The owners of supermarket chain Asda are set to announce the finalisation of their M&A deal with their petrol station empire, EG. While the deal would create a giant company with an operation of 600 supermarkets, 700 petrol forecourts, and 100 convenience stores, concerns have been raised by the GMB Union, which cites the merger as solely benefitting private equity firms and business partners.

In light of this, Claire Trachet, M&A expert and CEO and founder of business advisory, Trachet, comments on the implications of the merger and how it will impact the M&A market.

The owners of Asda, the Issa Brothers plan to merge their supermarket giant with the UK arm of EG group, a company they founded and bought them £6.8bn in 2020. The merger would help create revenues of approximately £30bn and 170,000 employees.

According to Kantar, Asda has a 13.9 per cent share of the UK’s grocery market and aims to overtake Sainsbury’s, which holds a 14.8 per cent share. The deal could also help the Issa Brothers secure an improved refinancing deal for the £7bn debt pile they need to refinance.

However, concerns have been raised by the GMB union, which has urged the CMA to look over the deal. The union expressed they do not believe the merger will positively impact the UK economy, the workers, or consumers. Instead, they believe it will solely suit private equity firms and their business partners, in securing an arrangement for debt refinancing.

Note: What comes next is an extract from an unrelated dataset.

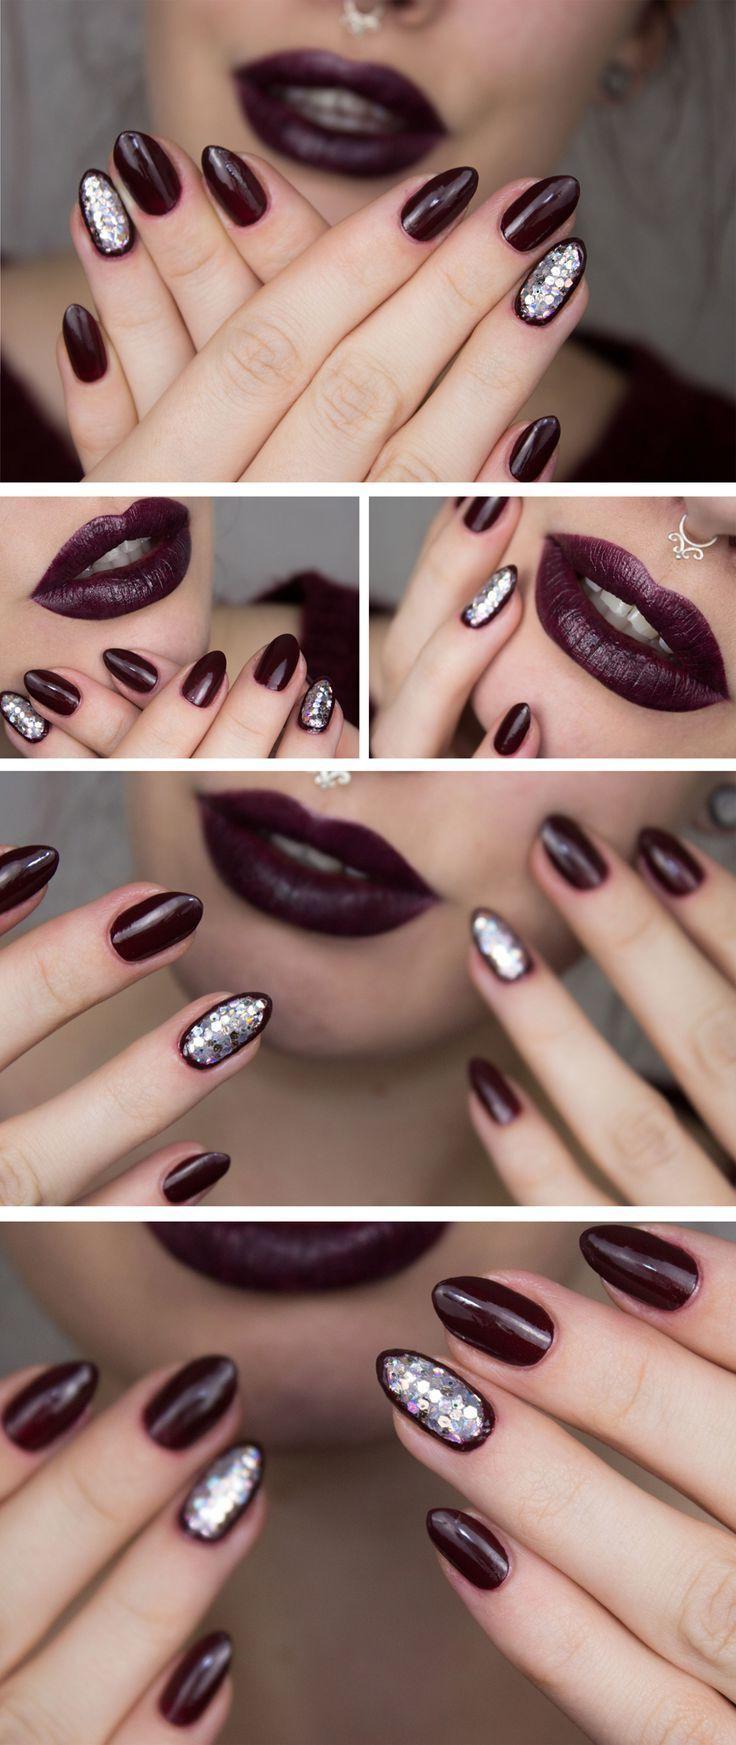 480 besten BEAUTY Bilder auf Pinterest   Beauty make-up, Augen ...

Claire Trachet (CEO/founder) comments on the implications of the merger and how it will impact the M&A market, “After a slowdown in M&A activity at the beginning of the year due to various macroeconomic challenges, the Asda deal poses a positive shift in M&A activity occurring in the UK.

“This is particularly significant as a vast number of M&A deals have been the result of overseas firms acquiring UK based companies. While the deal does appear ready to go ahead, it will be interesting to see if the CMA reacts to the concerns expressed by the GMB Union.

“Additionally, the rebound of the UK market presents an optimistic outlook for the future of M&A deals. Investors are no longer frozen; they know that there will be opportunities and they are ready to actively seize them. They also know that a lot of these opportunities will be coming from struggling companies, so acquirers know they will be getting a bargain, which presents a more positive outlook for activity.

“In addition, there is a growing number of investors who are sat on a dry powder pile having paused investments due to uncertainty in 2022. This means there are significant opportunities on the horizon, and now is the moment to prepare and get deal ready as optionality will increase in H2 of this year.